Do you have a solution that doesn’t rely on the normal approximation?

Hm I don’t know a good solution to that. For small Y, the Binomial is better approximated by a Poisson, which you could try to impose on trials_obs and Y_obs. The issue with that is that just like the Binomial, the Poisson has a single parameter, so does not lend itself to parametrizing the mean and variance separately. Hacking yourself around that with sth like Y_obs ~ (Poisson(lamba) - lambda) * Y_sd + lambda doesn’t work either because the Poisson only has support on the positive domain.

Please do post an update if you find a satisfactory solution!

Since you want a binomial likelihood and using standard errors, would modeling the observations as binomial, and the latent parameters within that as theta work for you?

data {
  int<lower=0> N;                   // number of observations
  array[N] int<lower=0> Y_obs;      // observed success counts
  array[N] int<lower=0> trials_obs; // observed trial counts
  array[N] real<lower=0> Y_sd;      // standard errors for Y
  array[N] real<lower=0> trials_sd; // standard errors for trials
}

parameters {
  vector<lower=0>[N] trials_latent;                // latent continuous values for trials
  vector<lower=0,upper=trials_latent>[N] Y_latent; // latent continuous values for Y
}

model {
  Y_obs ~ normal(Y_latent, Y_sd);
  trials_obs ~ normal(trials_latent, trials_sd);
  vector[N] theta = Y_latent ./ trials_latent;
  Y_obs ~ binomial(trials_obs, theta );
}

1 Like

@ssp3nc3r Interesting idea, but we also need to incorporate covariates. i.e.,

inv_logit(theta) = X * beta;

I don’t think your specification allows for this?

Here’s additional structure:

theta ~ beta_proportion(inv_logit(X * beta), kappa);

Is this possible when the model already has theta fixed as:

vector[N] theta = Y_latent ./ trials_latent;

?

Also, in general it just seems odd to model the observed data as Binomial, when it’s really the “true” counts that are part of the DGP. Maybe this is the best we’re going to do though.

In my example, theta isn’t fixed, it’s elements are parameters.

You have several options for modeling, but first you need to know what parameters you are interested in.

This isn’t possible in Stan.
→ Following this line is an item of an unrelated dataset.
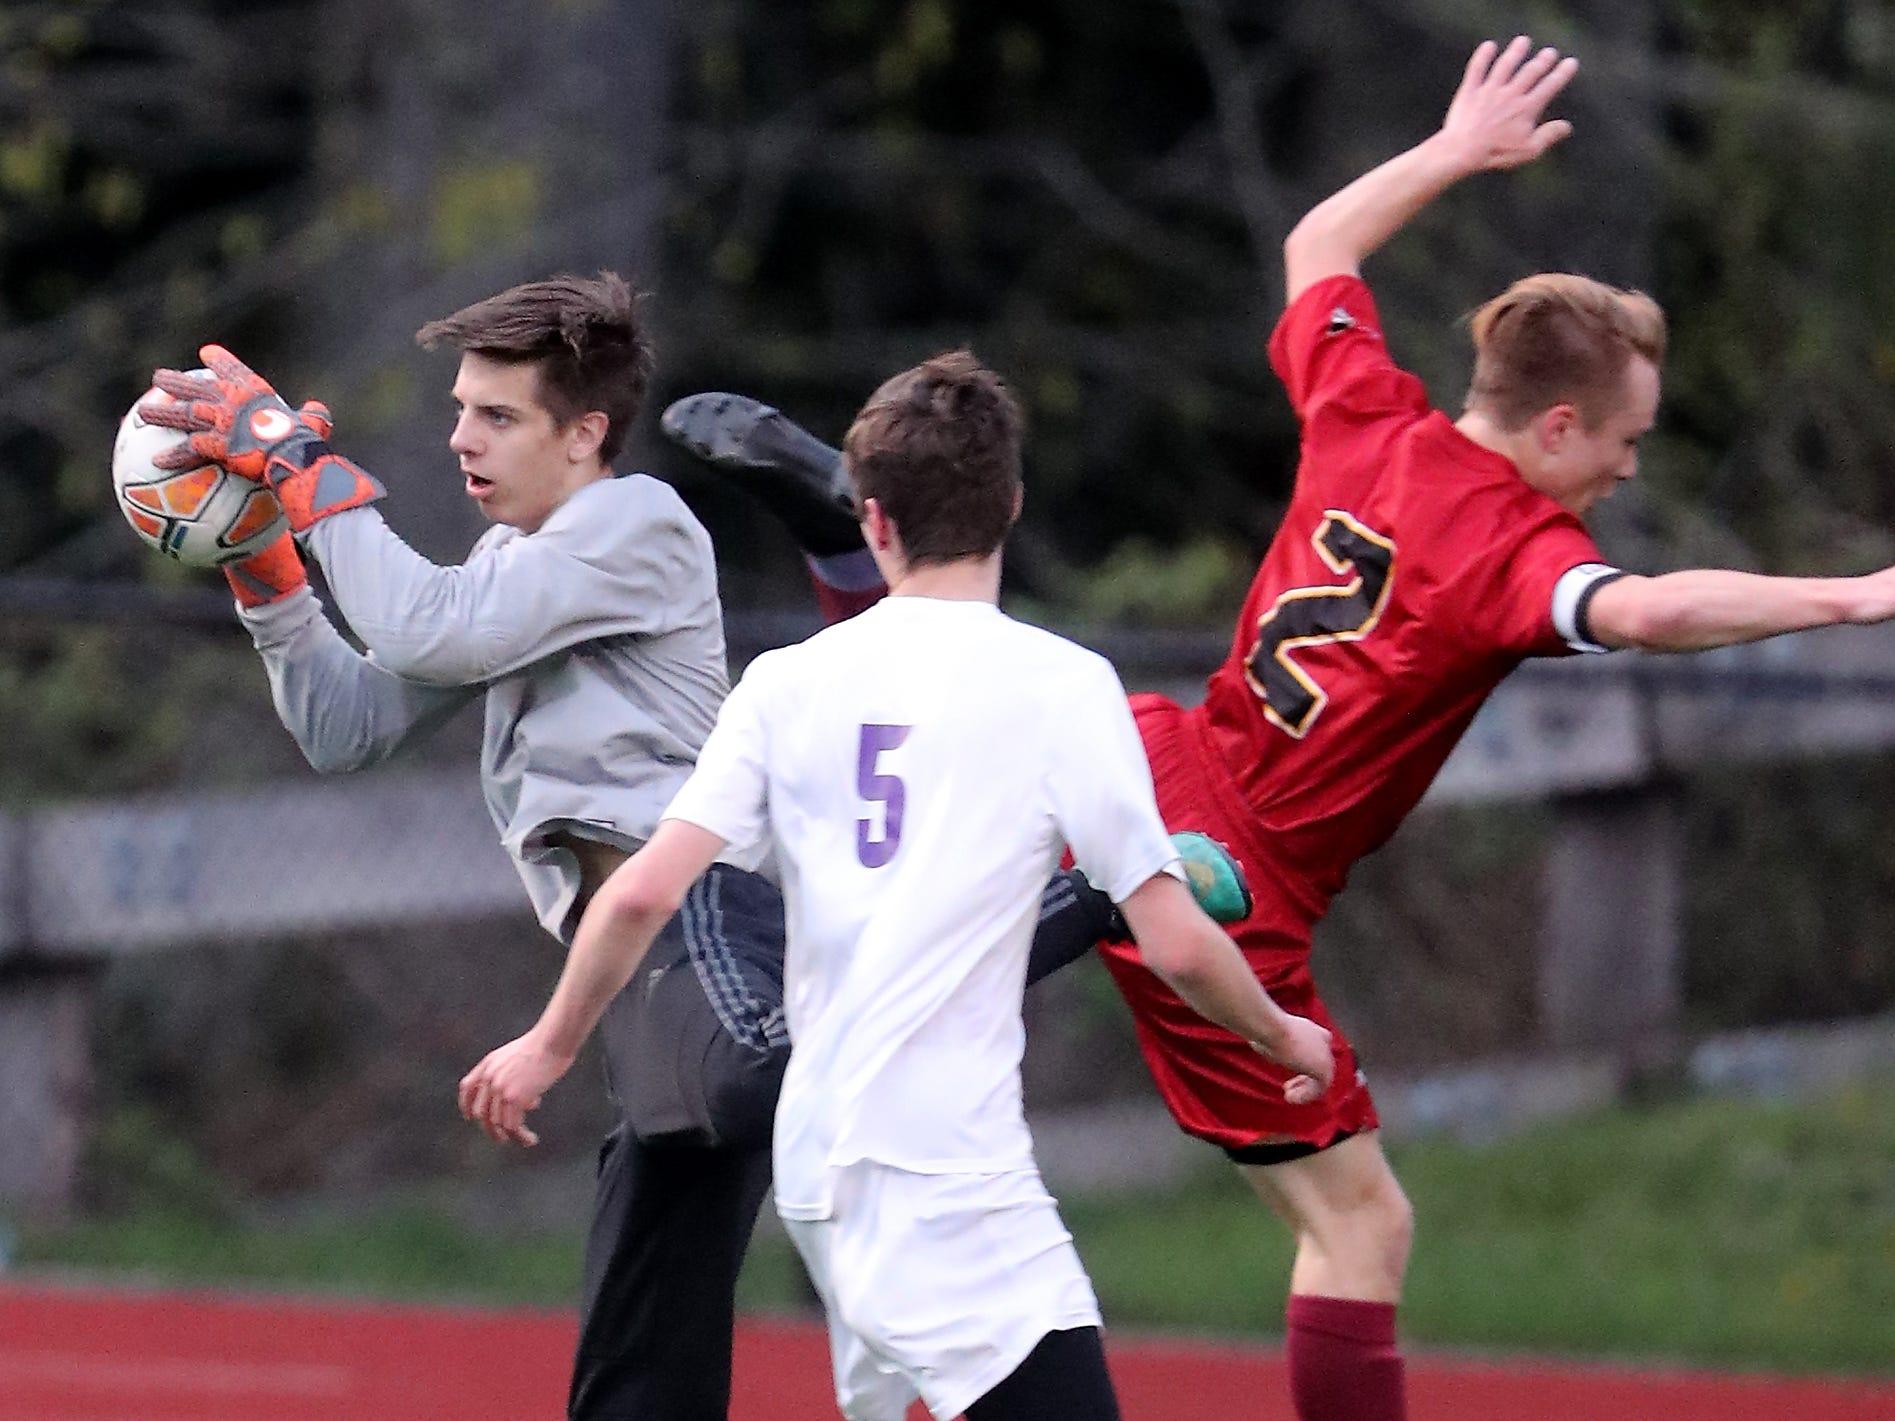 Kingston vs North Kitsap Soccer in Kingston on Tuesday, April 9, 2019.

You can’t literally translate the continuous model to the discrete setting because Stan doesn’t support discrete parameters.

You could

  1. do what @mippeqf suggests and use continuous approximations.
  2. Alternatively, if the max values of the binomial are small, you can marginalize out the latent true values.
  3. Use an alternative software package that allows blocking of discrete parameters, like NumPyro or PyMC in Python or NIMBlE in R. (At least I think these would all support the direct translation of the missing data model.)
1 Like